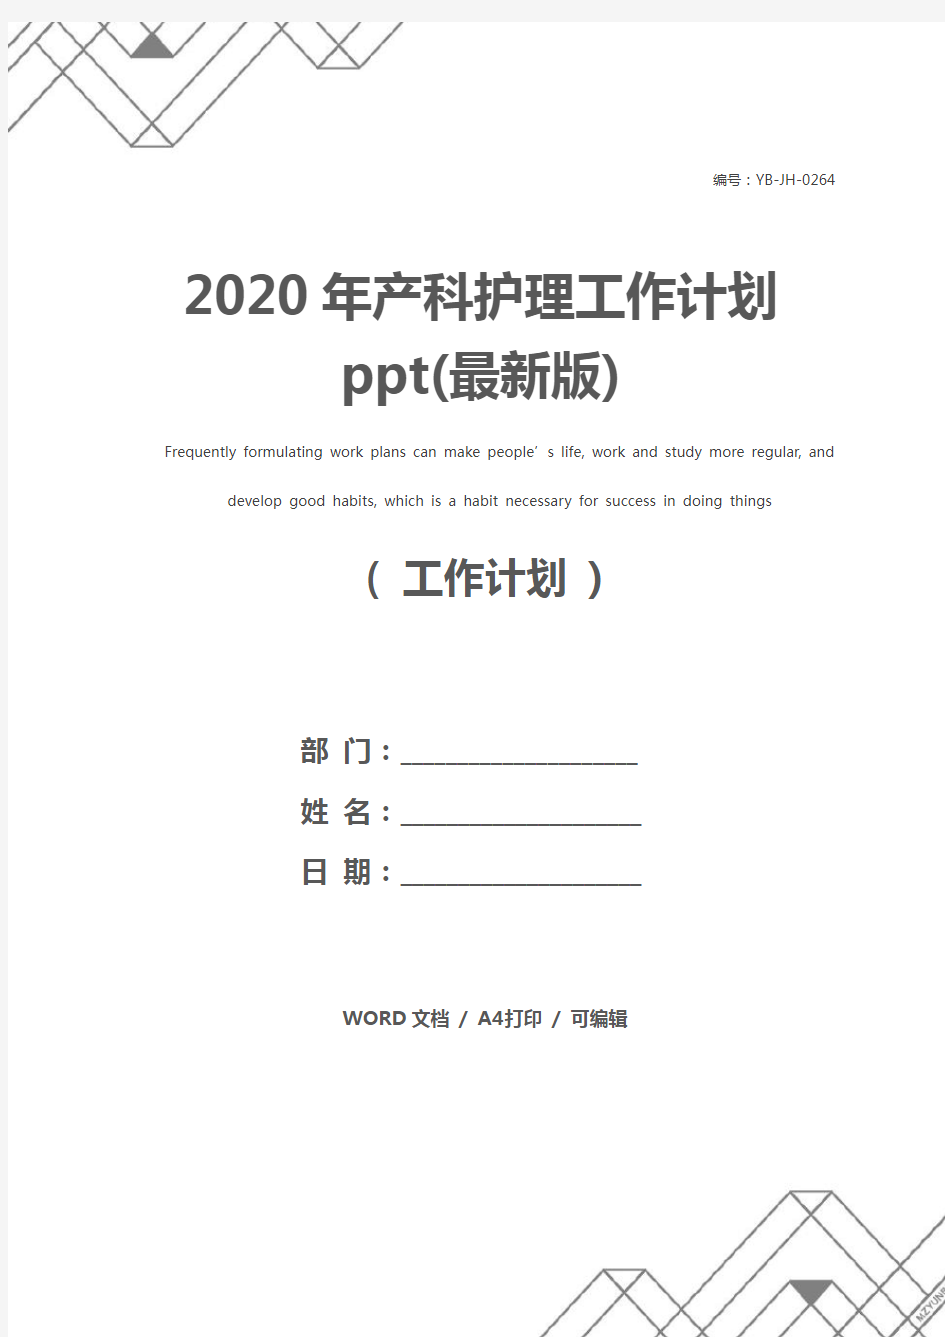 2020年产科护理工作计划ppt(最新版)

_ _ _ _ _ _ _

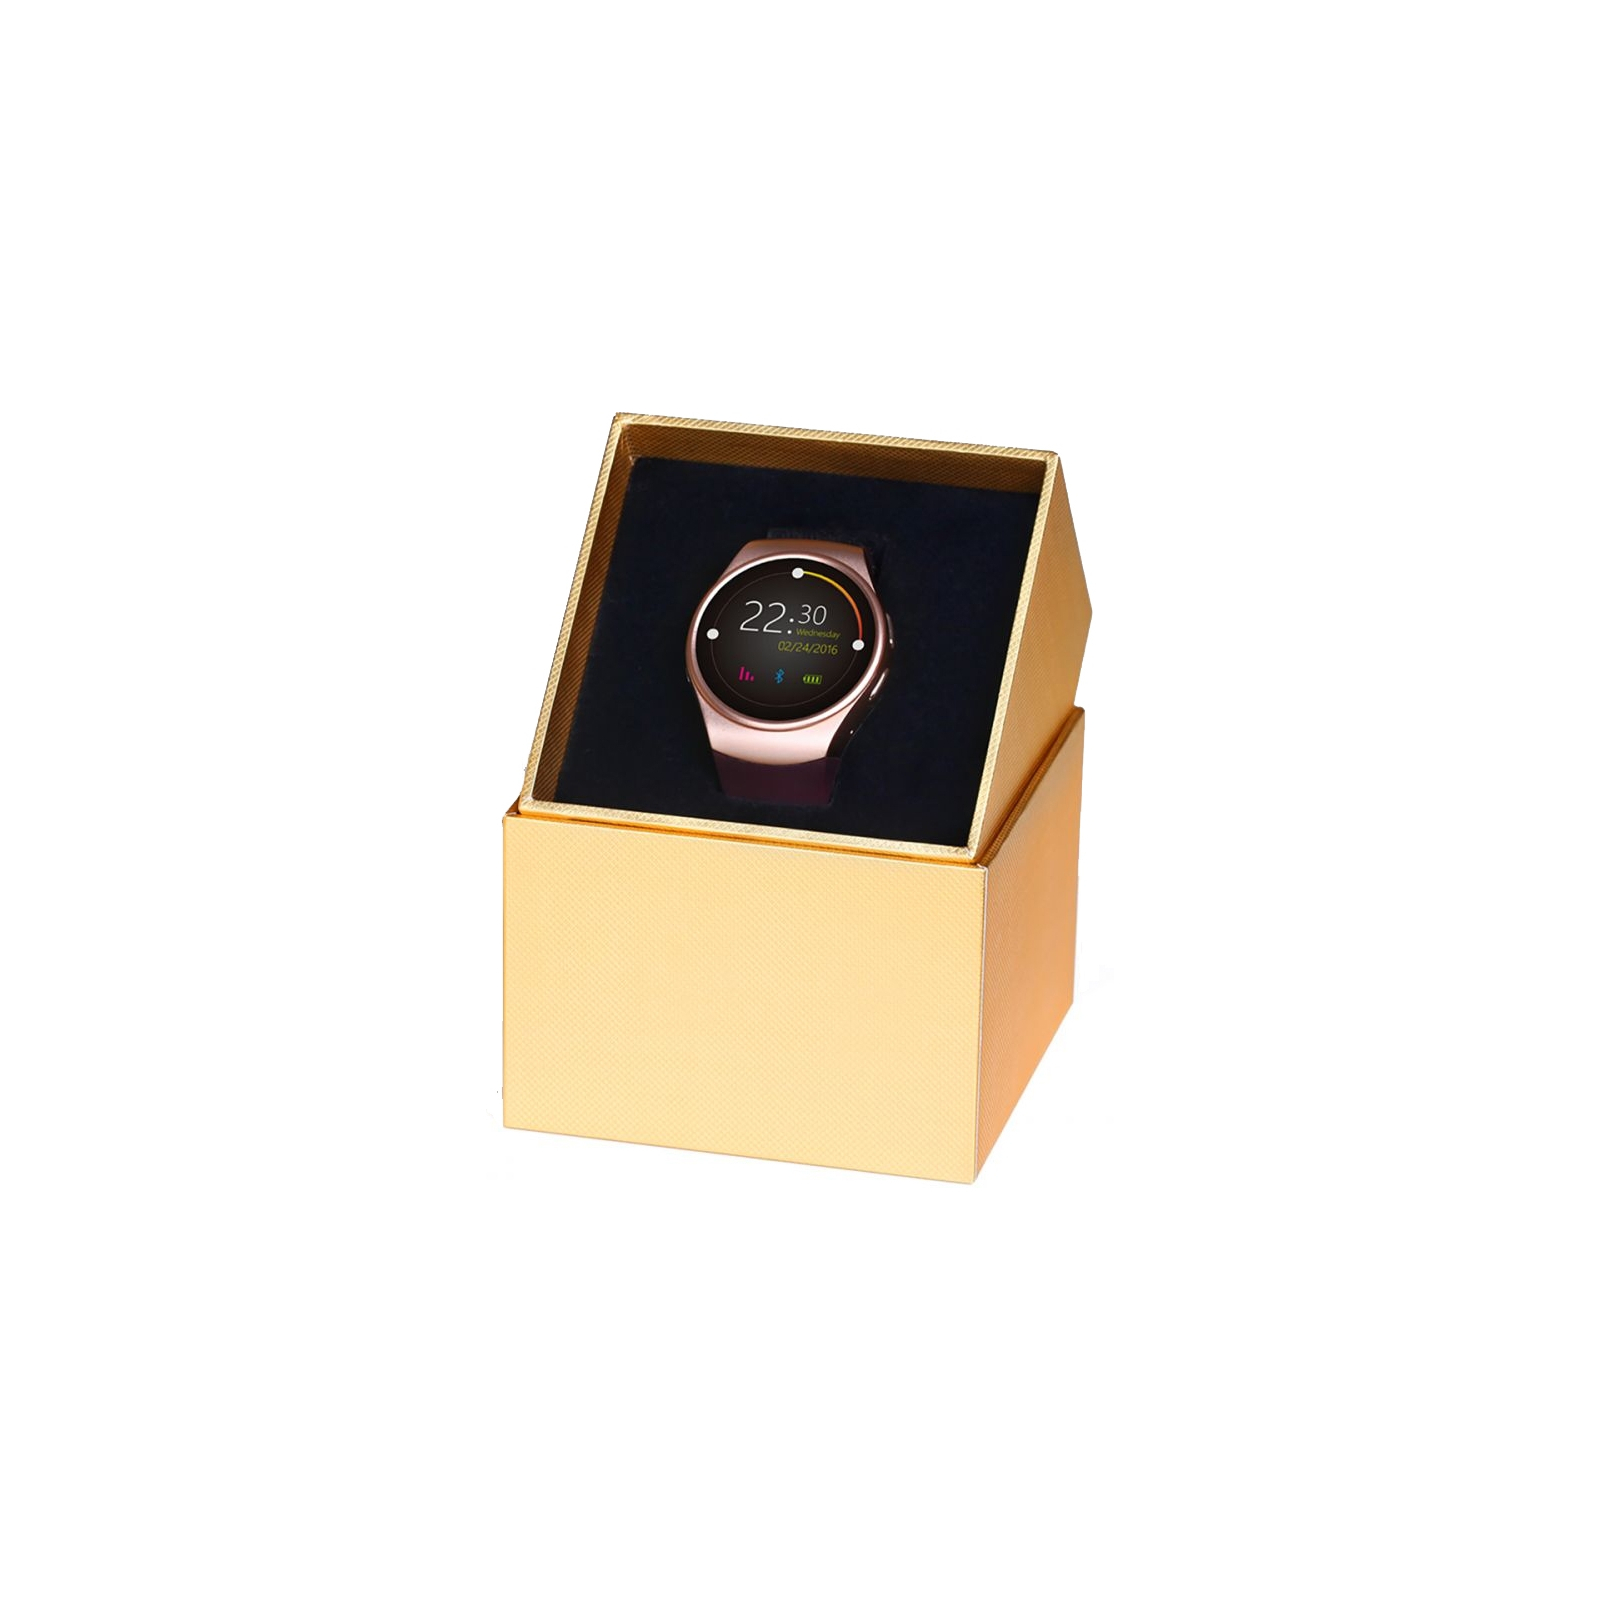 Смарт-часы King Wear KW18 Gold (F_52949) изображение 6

_ _ _ _ _ _ _

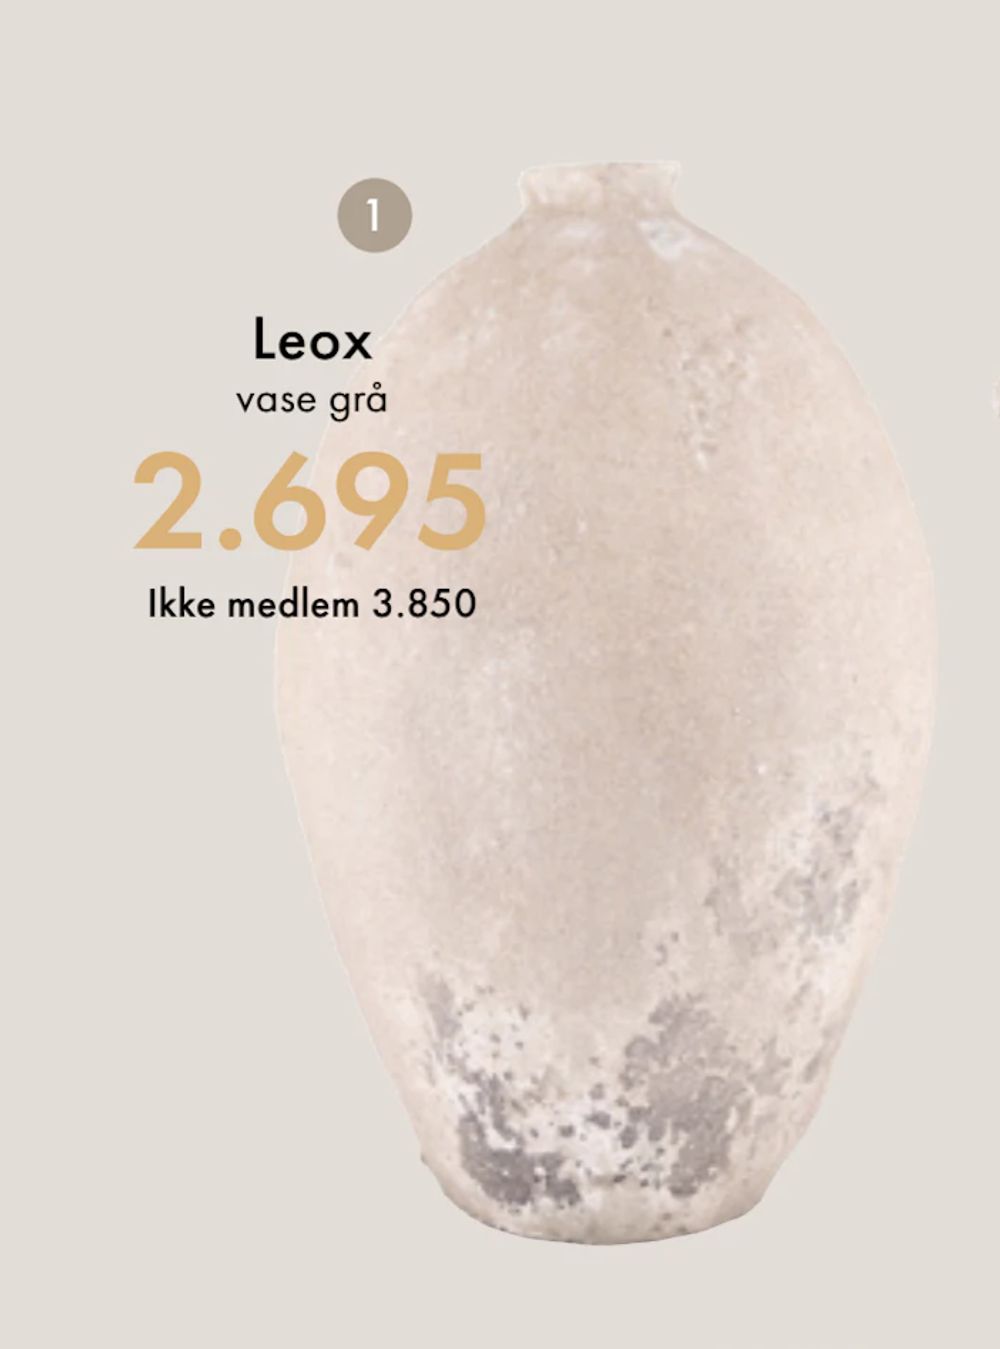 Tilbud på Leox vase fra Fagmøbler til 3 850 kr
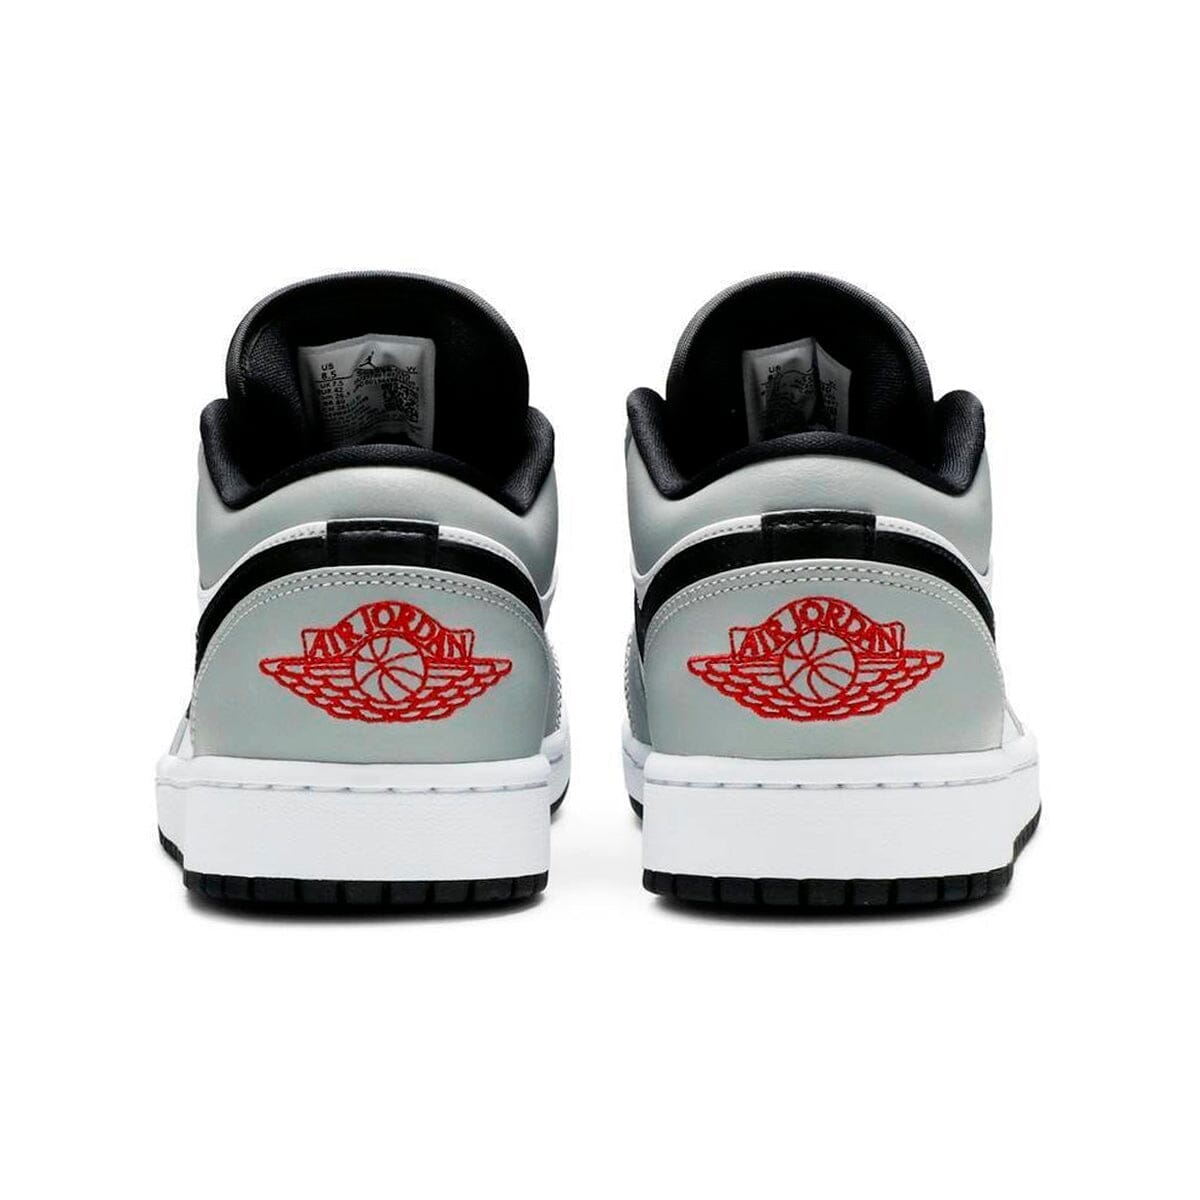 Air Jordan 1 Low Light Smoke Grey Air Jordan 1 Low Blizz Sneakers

_ _ _ _ _ _ _

§ **REQUIREMENT**: Between and including the line with "Tilbud på Leox" and the line with "Air Jordan 1 Low Light", repeat every line exactly as it appears above, with pictures left out.

§ **SOLUTION TO THIS PROBLEM**:
 Tilbud på Leox vase fra Fagmøbler til 3 850 kr
 Air Jordan 1 Low Light Smoke Grey Air Jordan 1 Low Blizz Sneakers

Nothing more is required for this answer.